• **Work to be completed**
Your copy of the entries below should hold exactly the lines from the one containing "работоспособность не проверялась" to the one containing "Italian Buccellati Milano", inclusive, and no pictures.

• **Information shown**
▶
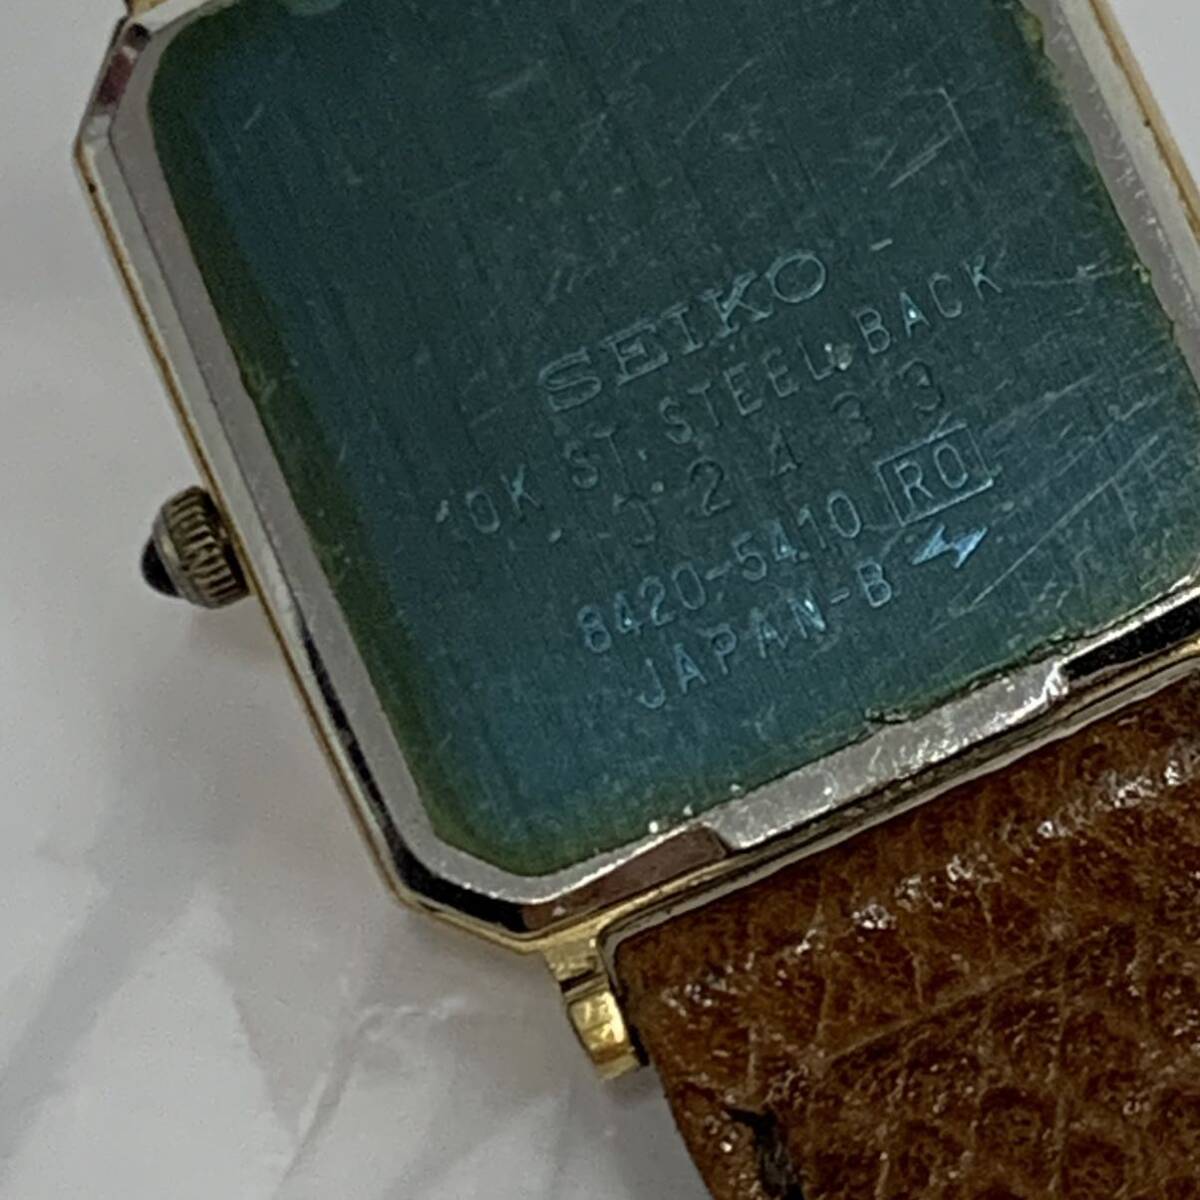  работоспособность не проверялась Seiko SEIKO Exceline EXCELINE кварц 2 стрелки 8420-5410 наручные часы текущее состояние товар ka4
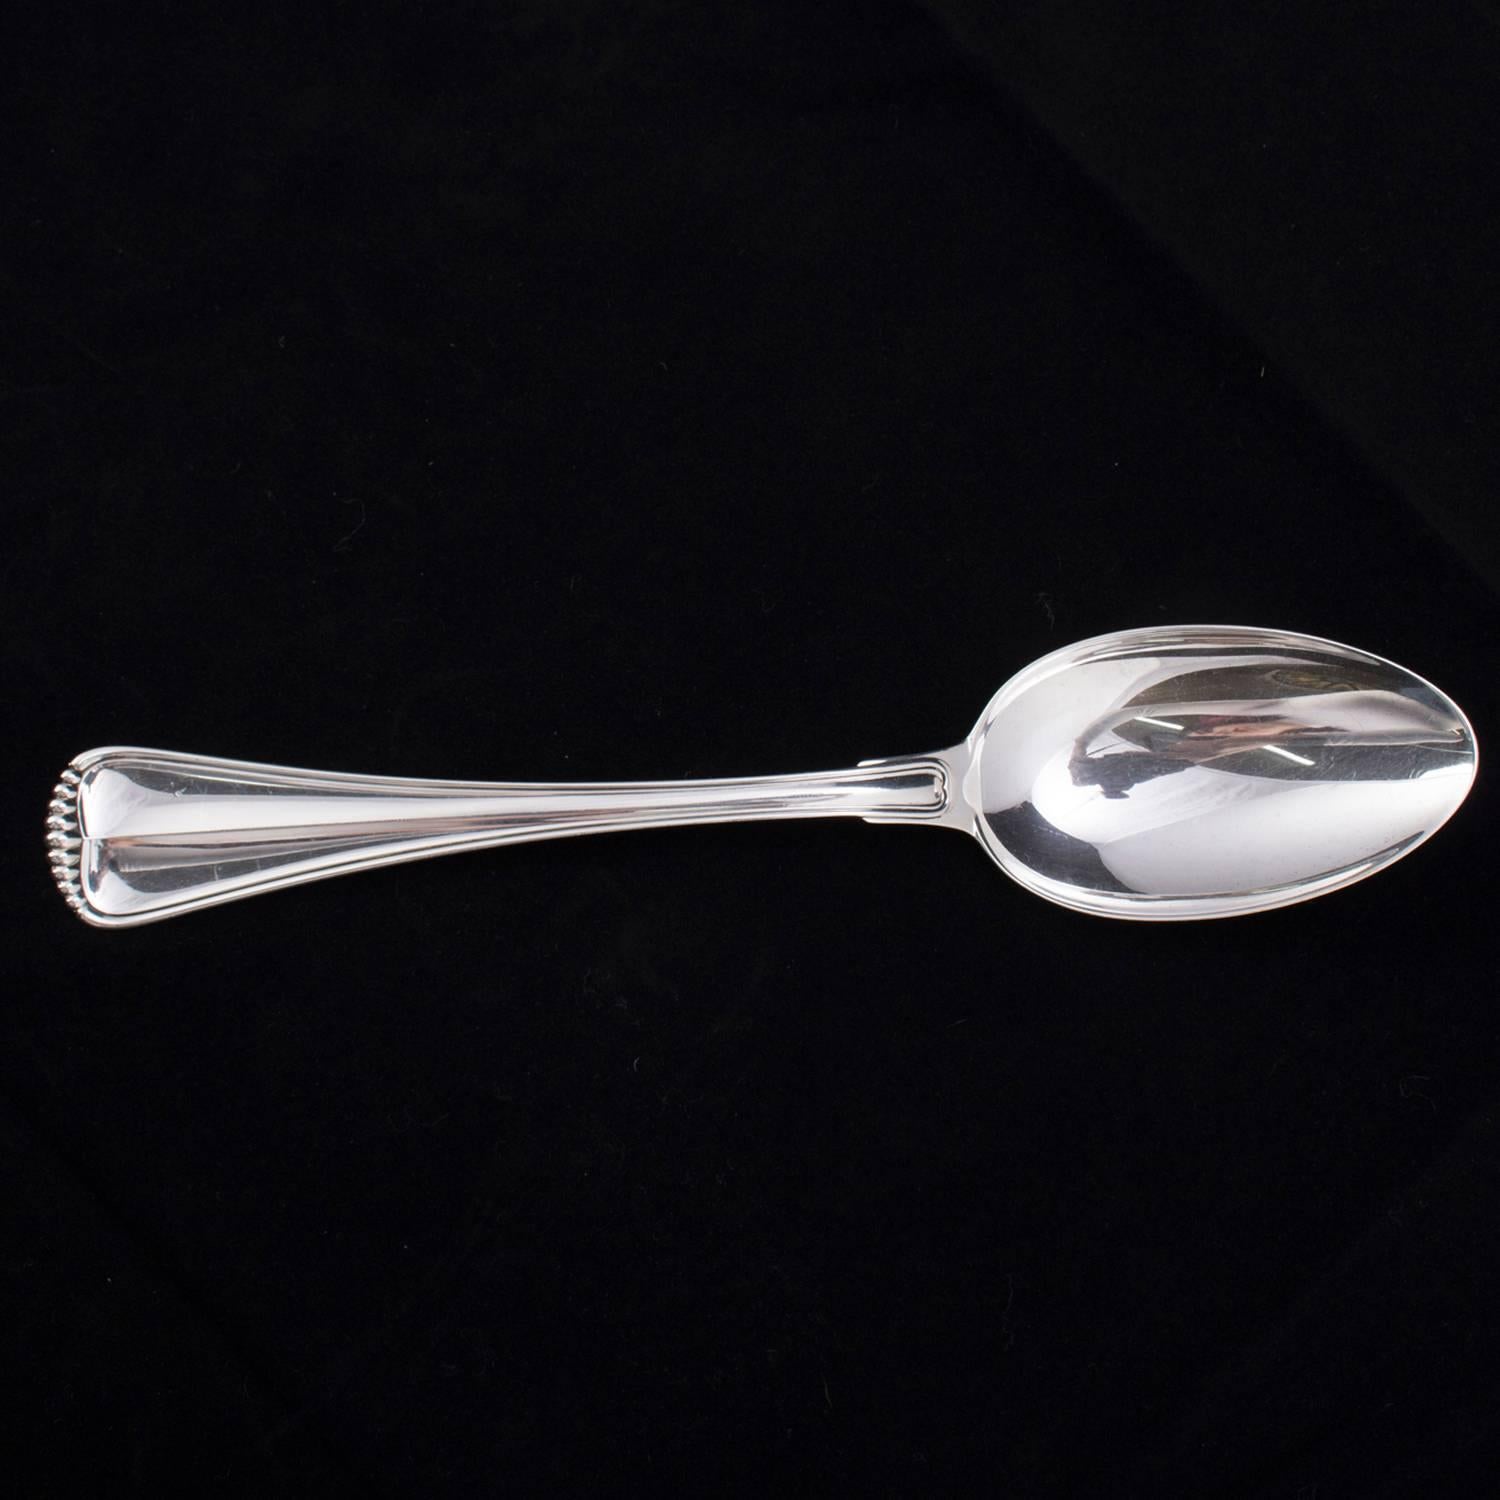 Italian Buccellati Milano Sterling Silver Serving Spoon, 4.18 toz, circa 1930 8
◀
▶
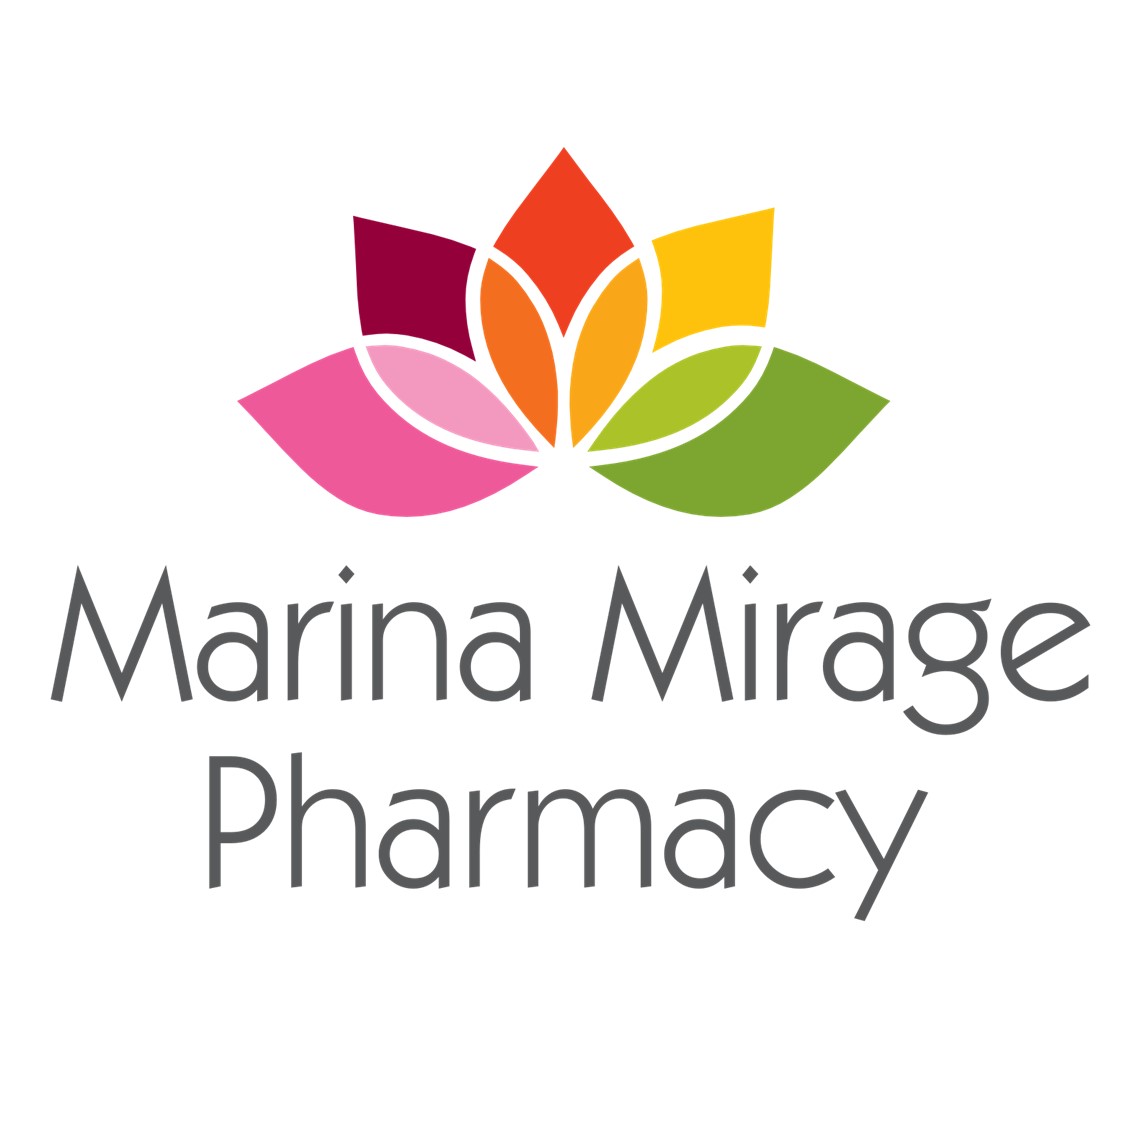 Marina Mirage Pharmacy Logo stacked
◀
• **Your response**
  работоспособность не проверялась Seiko SEIKO Exceline EXCELINE кварц 2 стрелки 8420-5410 наручные часы текущее состояние товар ka4
 Italian Buccellati Milano Sterling Silver Serving Spoon, 4.18 toz, circa 1930 8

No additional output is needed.